Detailed Description of the Invention

[0001]

BACKGROUND OF THE INVENTION 1. Field of the Invention The present invention relates to an ion source mainly used in a high energy ion implantation apparatus and adapted to generate more multiply charged ions.

[0002]

2. Description of the Related Art In recent years, there has been a growing demand for ion implanters to implant impurities not only at a shallow position of an ion implantation target but also at a considerably deep position thereof. Has been. The accelerator in the high energy ion implanter includes a high frequency type and an electrostatic type.

For example, an electrostatic accelerator requires application of a high voltage such as 1 MV, so that the accelerating power source and the like are inevitably large in size, and the accelerator is large in size, and in turn, the ion implanter is large and high in size. It has a problem of causing price increase. Therefore, it is desired to construct a high-energy ion implantation device without increasing the size of a device such as a power source.

To meet such demands, it is possible to use, for example, multiply charged ions. The higher the ion valence, the smaller the acceleration energy. For example, the acceleration energy may be 1/2 of monovalent ions for divalent ions and 1/3 of monovalent ions for trivalent ions. In other words, by electrostatically accelerating multiply charged ions, it is possible to obtain an ion beam having an energy that is a valence number higher than that of monovalent ions.

[0005]

In order to obtain multiply charged ions, it is considered to use the multiply charged ions generated in the ion source.
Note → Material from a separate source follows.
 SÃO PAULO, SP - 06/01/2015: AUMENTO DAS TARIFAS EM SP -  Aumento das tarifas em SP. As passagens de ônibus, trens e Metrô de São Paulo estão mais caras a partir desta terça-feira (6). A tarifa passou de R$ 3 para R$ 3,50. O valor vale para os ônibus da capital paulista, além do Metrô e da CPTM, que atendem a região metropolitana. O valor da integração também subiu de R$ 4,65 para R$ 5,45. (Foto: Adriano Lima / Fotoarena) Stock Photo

For example, in Freeman ion sources, P ⁺⁺ and A
It is possible to generate s ⁺⁺ at a relatively high rate (-10%) with respect to P ⁺ and As ⁺ . However, P ⁺⁺⁺ and B ⁺⁺
Can be obtained only in a yield of 1 to 2% with respect to P ⁺ and B ⁺ .

The present invention has been made in view of the above circumstances, and an object of the present invention is to provide a small-sized ion source capable of obtaining multiply-charged ions in a high yield.

[0007]

In order to solve the above-mentioned problems, the ion source of the present invention comprises a first discharge chamber and a second discharge chamber for generating a gas discharge to generate plasma, and the first discharge. A filament (cathode) that is provided in the chamber and emits electrons, and an opening that is provided between the first discharge chamber and the second discharge chamber and connects the discharge chambers to each other, and is higher than the filament. An intermediate electrode kept at a potential, an anode provided in the second discharge chamber and kept at a higher potential than the filament and the intermediate electrode, and an opening in the second discharge chamber facing the cathode and the intermediate electrode. A reflection electrode that is provided at the same potential as the intermediate electrode, a vacuum container that accommodates the discharge chambers and maintains a vacuum inside, and a vacuum electrode that penetrates the vacuum container and that discharge chambers. The cathode and Along a direction passing through the reflective electrode is characterized by comprising a pair of magnetic poles that provide the magnetic field.

[0008]

In the above structure, gas discharge (arc discharge) occurs due to the potential difference between the filament and the intermediate electrode, and the gas in the first discharge chamber changes to the plasma state. The electrons in this plasma are guided to the second discharge chamber through the opening of the intermediate electrode. In the second discharge chamber, energy is given to plasma electrons due to the potential difference between the intermediate electrode and the anode, and the plasma electrons are used for ionization.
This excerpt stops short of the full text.